De zevende functie van taal in het advieswerk

Datum: 19-06-2018

De zevende functie van taal in het advieswerk

Taal speelt in het advieswerk een belangrijke rol. Als een klant iets twee of drie keer zegt, dan weet je als adviseur dat er wat speelt waar je dieper op in hebt te gaan. Als een klant in containerbegrippen spreekt (bijvoorbeeld ‘het is aan een dood paard trekken’), weet je dat je naar concrete voorbeelden hebt te vragen om een beeld te krijgen waar het over gaat. Maar taal speelt ook een andere rol: de beïnvloeding door de adviseur. Hoe gebruikt de adviseur taal om door te dringen tot wat er bij de klant gebeurt? Met taal proberen te beïnvloeden of te manipuleren? Bepaalt onze manier van spreken ‘de werkelijkheid’ van de klant?

Een paar weken geleden was Harm Klifman op de vrijdagochtend bij C3. Hij doet onderzoek naar de rol van taal in het advieswerk. Harm Klifman hanteert hierbij een (taal)filosofisch vertrekpunt. Tijdens de ochtend kwam het boek ‘De zevende functie van taal’ van Laurent Binet ter sprake. Een fascinerende roman over de jacht op een formule voor manipulatief taalgebruik – een nieuwe functie (de zevende) van taal.
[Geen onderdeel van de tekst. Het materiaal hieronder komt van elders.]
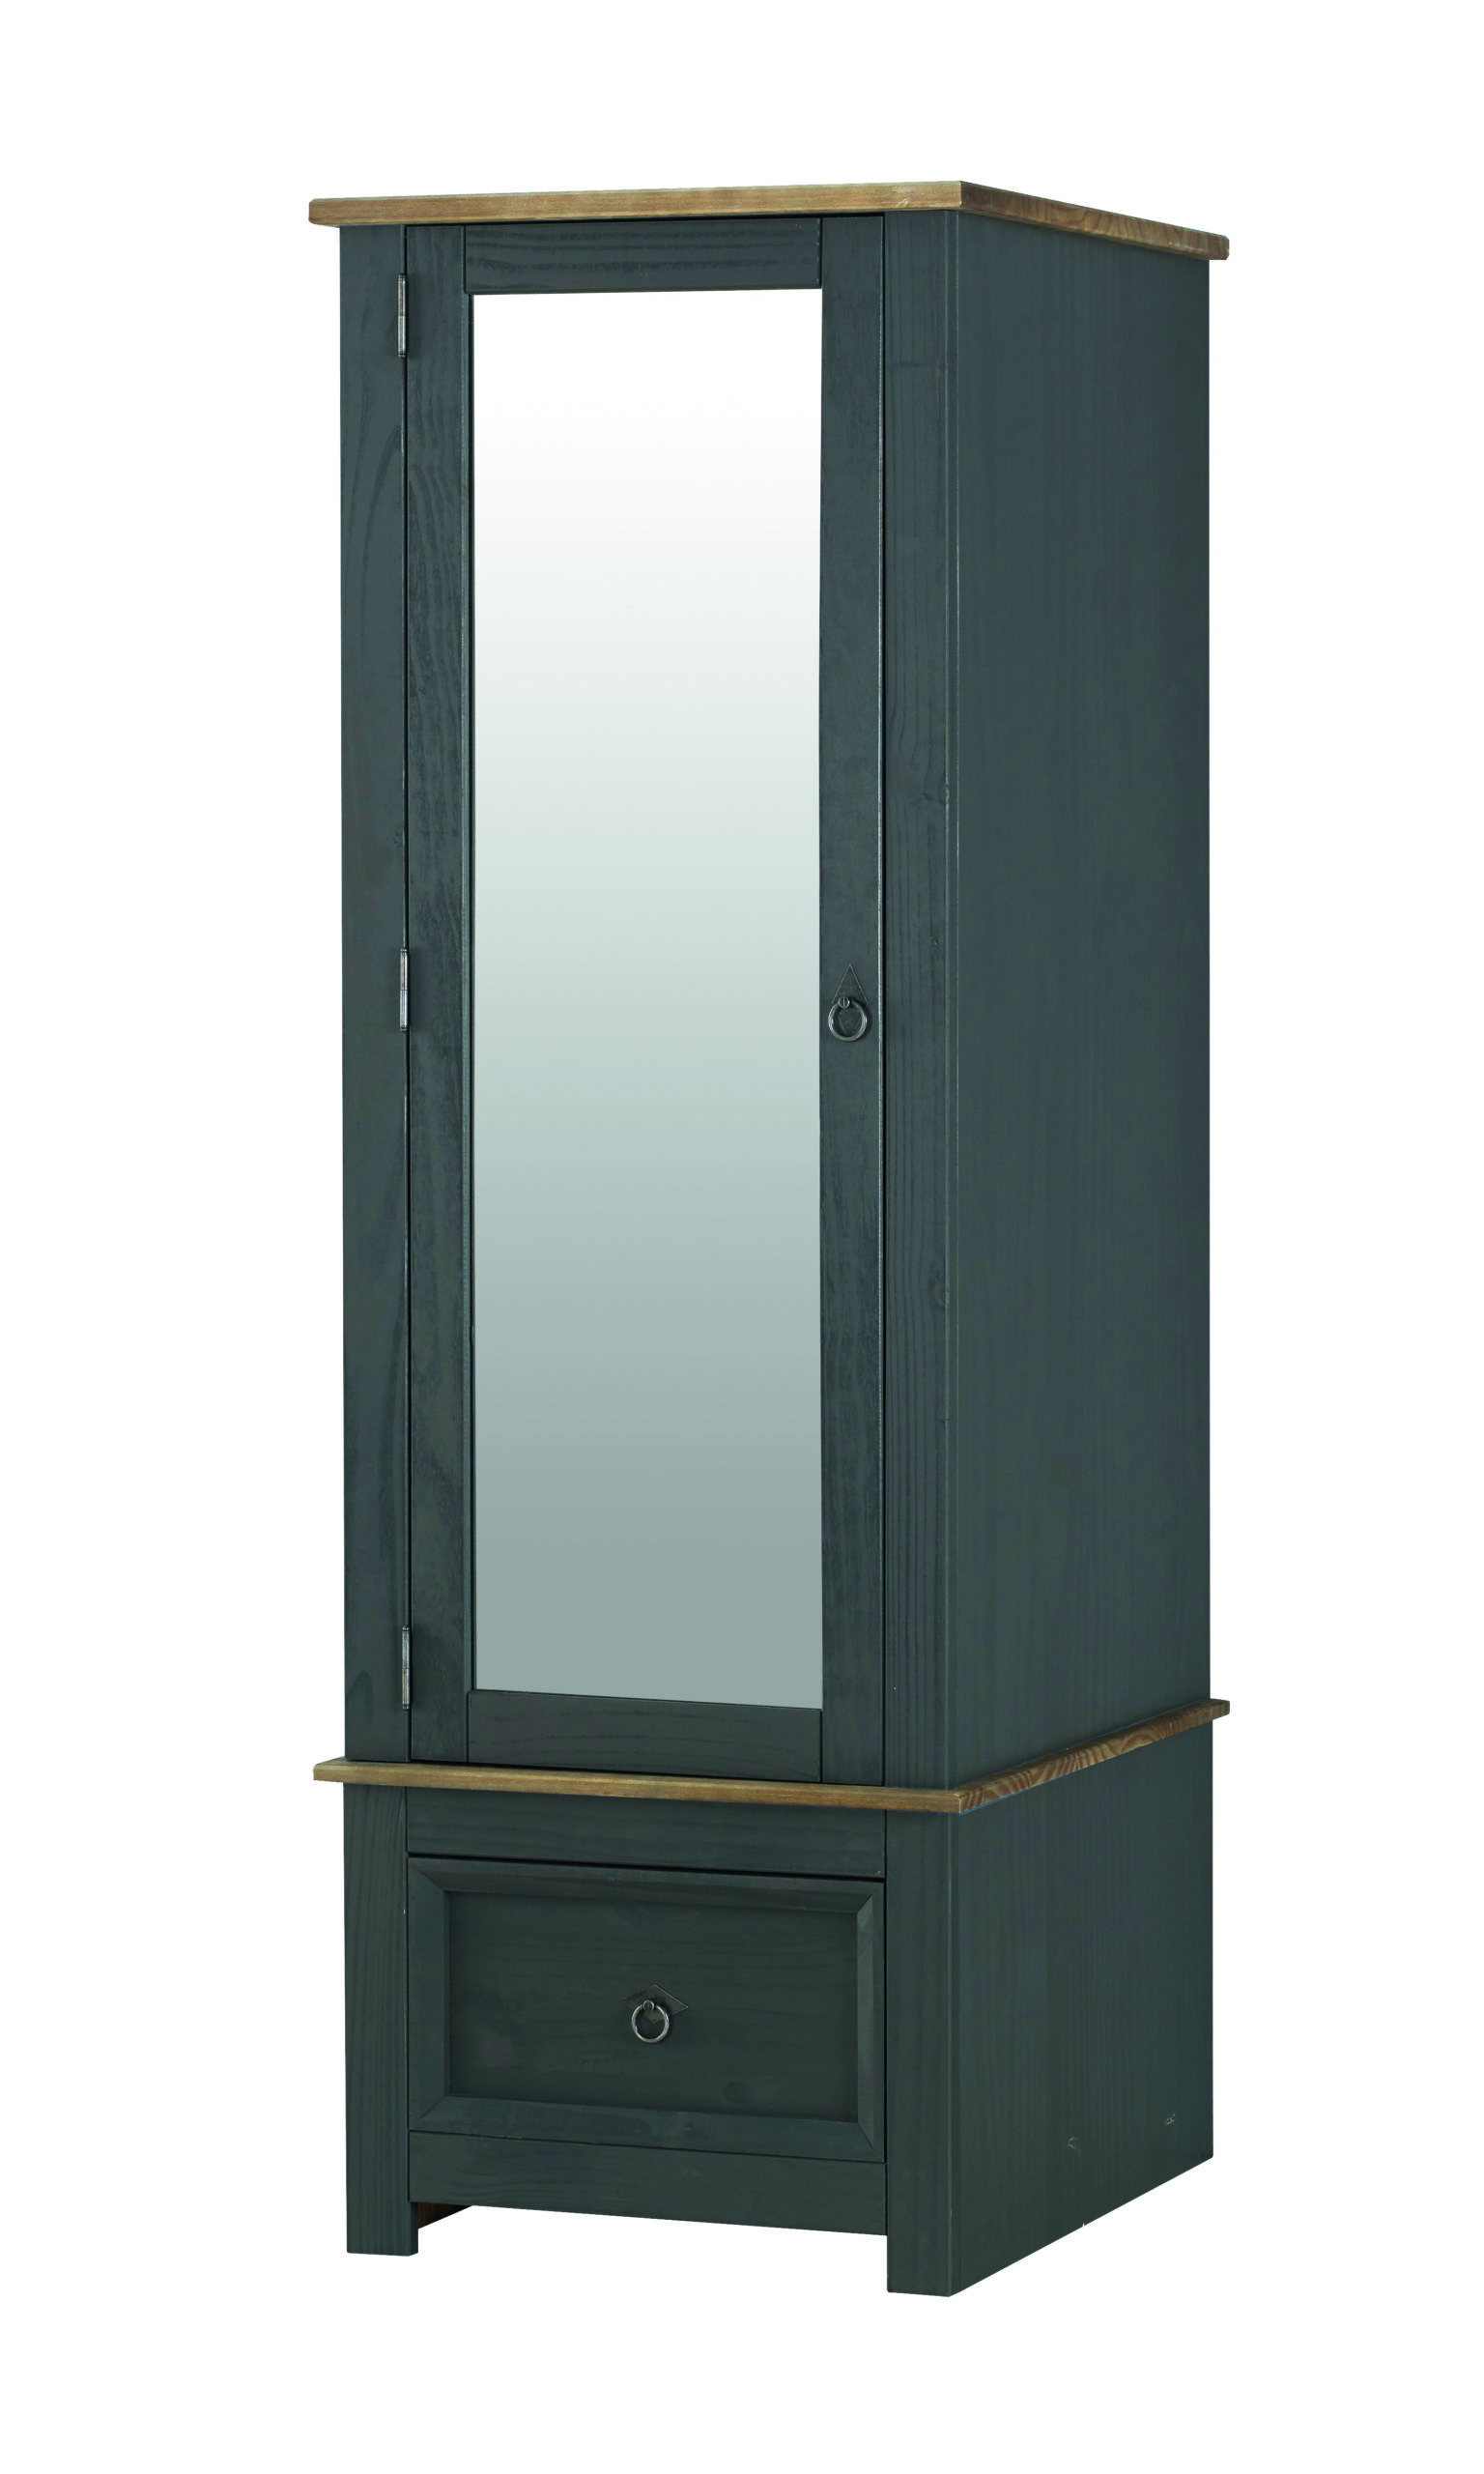 Caladonea Carbon armoire mirrored door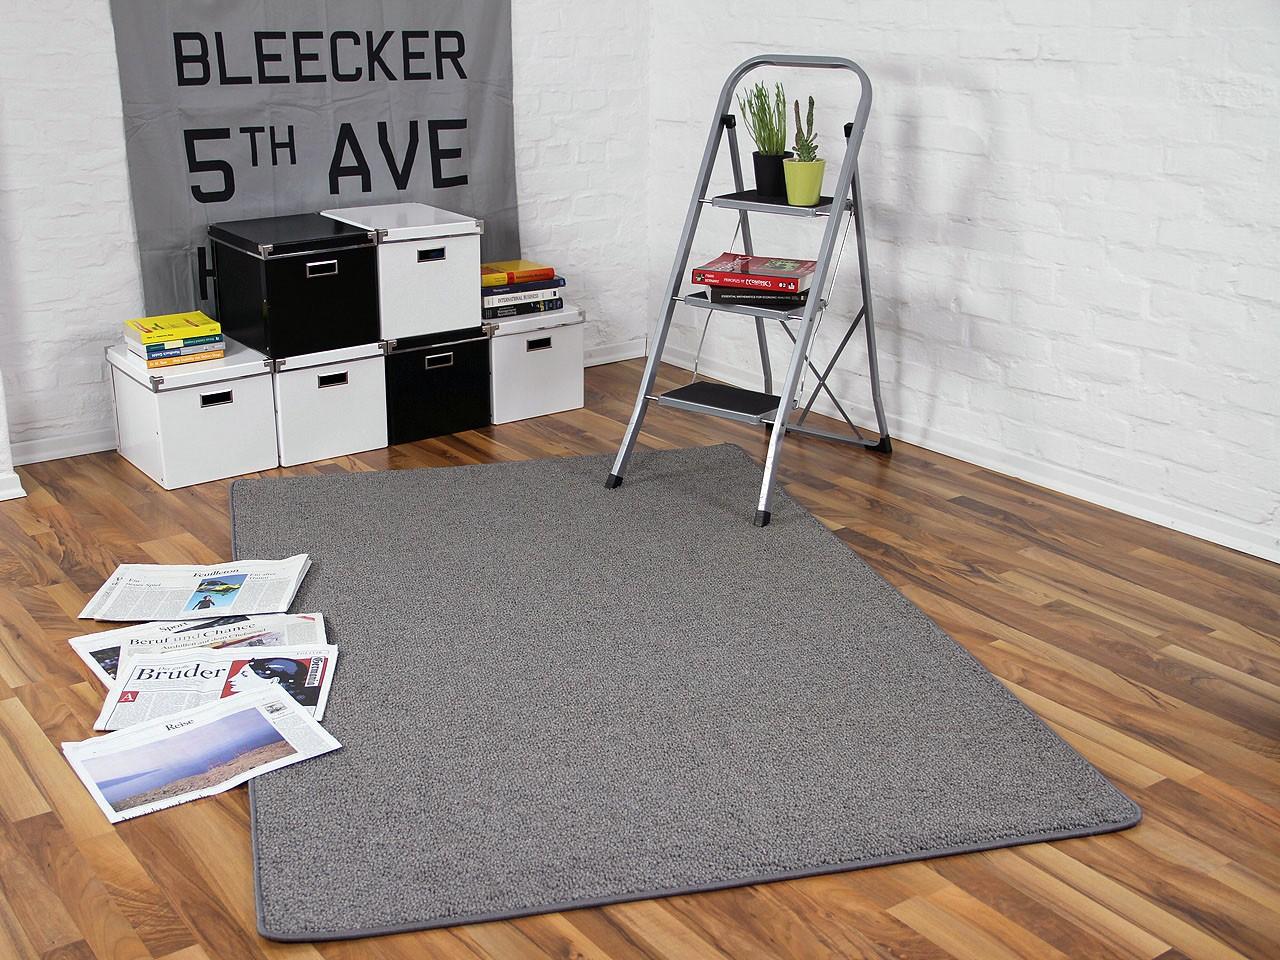 natur teppich luxus berber venice grau abverkauf. Black Bedroom Furniture Sets. Home Design Ideas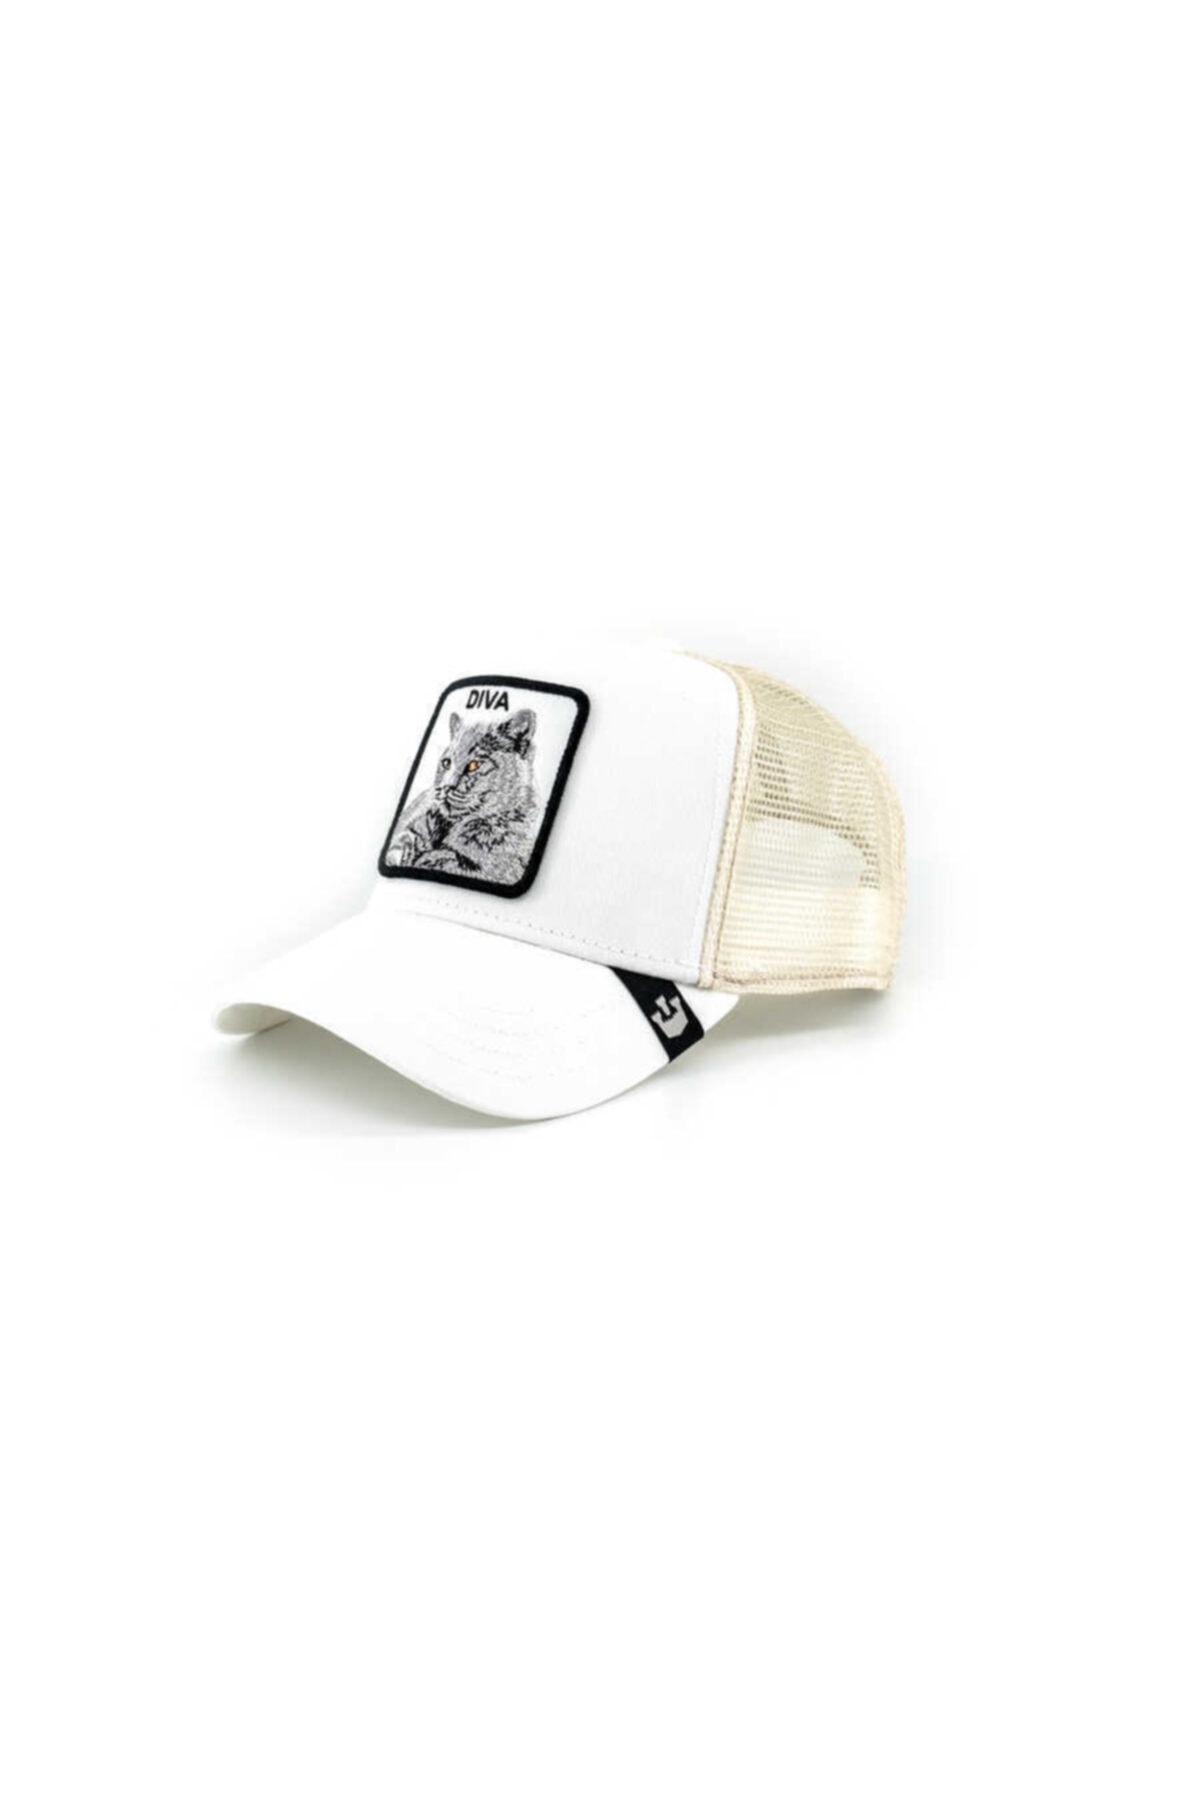 Goorin Bros Unisex Diva Stance Beyaz Standart Şapka 101-0727 2

Alle beroemde taalfilosofen uit de jaren tachtig komen in deze thrillerachtige roman voorbij en spelen een hoofd- of bijrol.

De zevende functie van taal heeft tot doel de ander te kunnen domineren, overwinnen. Daar is een adviseur niet bij gebaat, lijkt me. Een adviseur moet wel kunnen beïnvloeden. Daar wordt hij/zij voor gevraagd. Tijdens het onderzoek naar competenties van adviseurs dat ik met Léon de Caluwé heb verricht, bleken drie competenties belangrijk te zijn voor het beïnvloeden door de adviseur:
- Communiceren: ideeën en informatie in heldere en correcte taal communiceren, zodanig dat de essentie bij anderen overkomt en wordt begrepen.
- Optreden: zichzelf in houding en gedrag zó presenteren dat de eerste indruk bij anderen positief is; deze indruk in bestendig respect of sympathie kunnen omzetten.
- Overtuigingskracht: ideeën, standpunten en plannen zó overtuigend bij anderen naar voren brengen dat zij, ook na aanvankelijke twijfels, daarmee instemmen.

Beïnvloeden is nadrukkelijk geen manipuleren in de zin van misleiden of dwingen. Beïnvloeden en manipuleren kunnen echter dicht bij elkaar liggen, kijkend naar de hiervoor genoemde competenties. Welke invloed heeft ons taalgebruik op de klant, zodat hij/zij hoewel weifelend, met een conclusie of voorstel instemt of overneemt? In hoeverre speelt taal een rol bij het opwekken van sympathie voor de adviseur?

Harm Klifman is niet op zoek is naar de zevende functie van taal in het advieswerk – de formule voor manipulatief taalgebruik om te winnen. Maar ik kijk wel uit naar zijn bevindingen over het taalgebruik door adviseurs en over wat dat taalgebruik in organisaties teweeg brengt. Al zou het maar ter bevestiging en geruststelling zijn, dat Laurent Binet’s roman meer fictie in zich heeft dan realiteit.